One of the first issues I took on was to figure out why calls to our team’s User Course Enrollment API endpoint, which is used to display the main screen in our mobile app, was taking over a second to respond. The endpoint simply returns a list of courses in which a user is enrolled, along with some basic course metadata (name, university, start date, etc.), so it was surprising that it was taking more than a few hundred milliseconds. I started my investigation by walking through the code that computed the enrollment list, using pyinstrument to do profiling.

One of the first things that I noticed was that for each course enrollment, metadata for the course was being loaded from MongoDB three separate times (twice in calls to enrollment.course and once during serialization) and it was not being cached between calls to the endpoint. I had a suspicion that this was the cause of the endpoint’s performance problems, which I confirmed using NewRelic’s “X-Ray Tracing” tool. 

New Relic X-Ray Trace screenshot

As you can see from the trace shown above, the function modulestore/mixed.py.get_course, which loads courseware from MongoDB, was consuming 90% of the response time. This implied that there were two ways to optimize the endpoint: make get_course faster, or minimize the number of calls to it by caching the data returned by get_course. While the former is certainly something that needs to be done, it is a task that requires major changes to core platform code. Since a caching solution is simpler to implement – it’s just a layer over the get_course call –  I opted to pursue the latter solution. Additionally, because caching works between requests, it is an improvement that has benefits even if get_course is optimized. 

To cache a course’s metadata, I created a Django model called CourseOverview. The first time metadata for a course is requested, get_course is called, an instance of CourseOverview is created from its return value, and the instance is saved to MySQL. The next request for the course’s metadata will just load the CourseOverview instance, which requires only a single MySQL query (as opposed to the 1-4 MongoDB queries that are executed for each call to get_course). When a course is updated in edX Studio, the corresponding CourseOverview instance is cleared, which forces the next request to fetch the updated metadata by calling get_course again.

I updated the mobile User Course Enrollment API endpoint to use this caching system (PR #8484), and performed load testing using Locust.io to confirm that there was a performance improvement. By looking at production data on NewRelic around the time the updated code was released, the performance impact is strikingly apparent. 

NewRelic performance graph showing faster site response times

The above graph shows the average response time for the Mobile API’s UserCourseEnrollmentsList endpoint in milliseconds. The endpoint was updated to use the metadata caching on July 1st. The average response time dropped from ~1100 ms to ~110 ms.

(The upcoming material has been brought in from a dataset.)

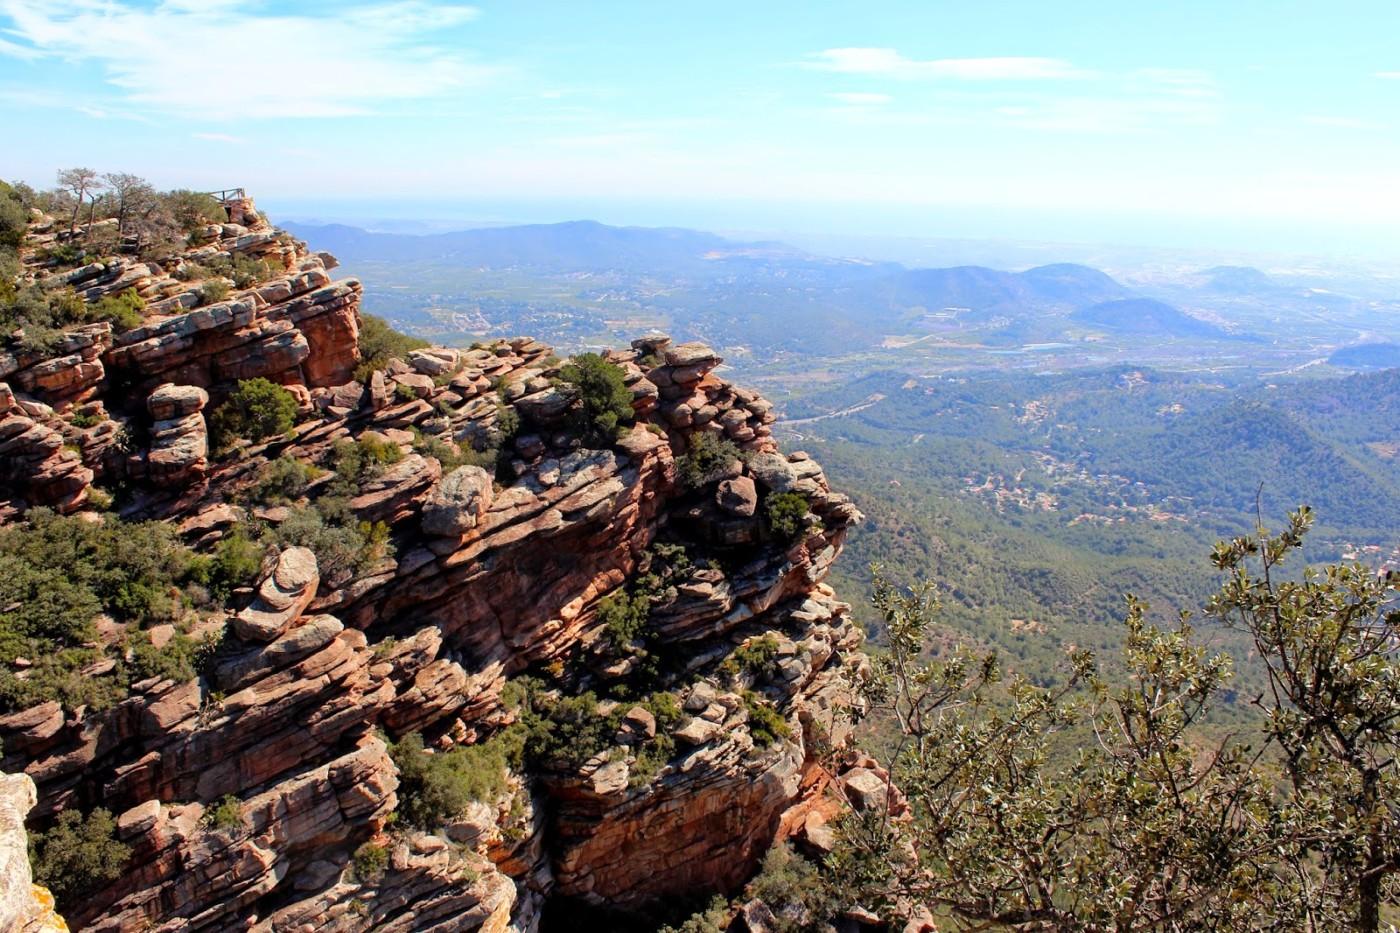 Parque Natural Sierra de Calderona Garbi

Additional Applications of Caching

Because it requires a similar set of metadata, I also updated the web student dashboard to use the metadata caching system (PR #8642), which resulted in a less-dramatic but still significant response time reduction. 

NewRelic performance graph showing faster site response times

The above graph shows the average response time for the web-based edX student dashboard in milliseconds. The dashboard was updated to use metadata caching on July 17th. The average response time dropped from between 600-800 ms to ~250 ms.

In addition to these two use cases, the caching system can be taken advantage of in any scenario where basic, user-agnostic course metadata is required. For example, another edX employee recently updated our general Enrollment API to use CourseOverviews instead of calling get_course (PR #8927), resulting in a 10x decrease in the 95th percentile response time for the EnrollmentListView endpoint.

Conclusion

As my fellow intern Ben mentioned in his blog post, the edX internship program really shines in how it embeds its interns into real software engineering teams, treating them like full-time employees and giving them impactful projects to work on. Having never before worked on a project of this scale and number of contributors, I learned an incredible amount. Although my tenure here has come to an end, I hope to stay involved in the awesome Open edX community. Finally, I’d like to thank Nimisha, Chris, Kishore, Adam, Dave, and the rest of the edX team for an incomparable internship experience!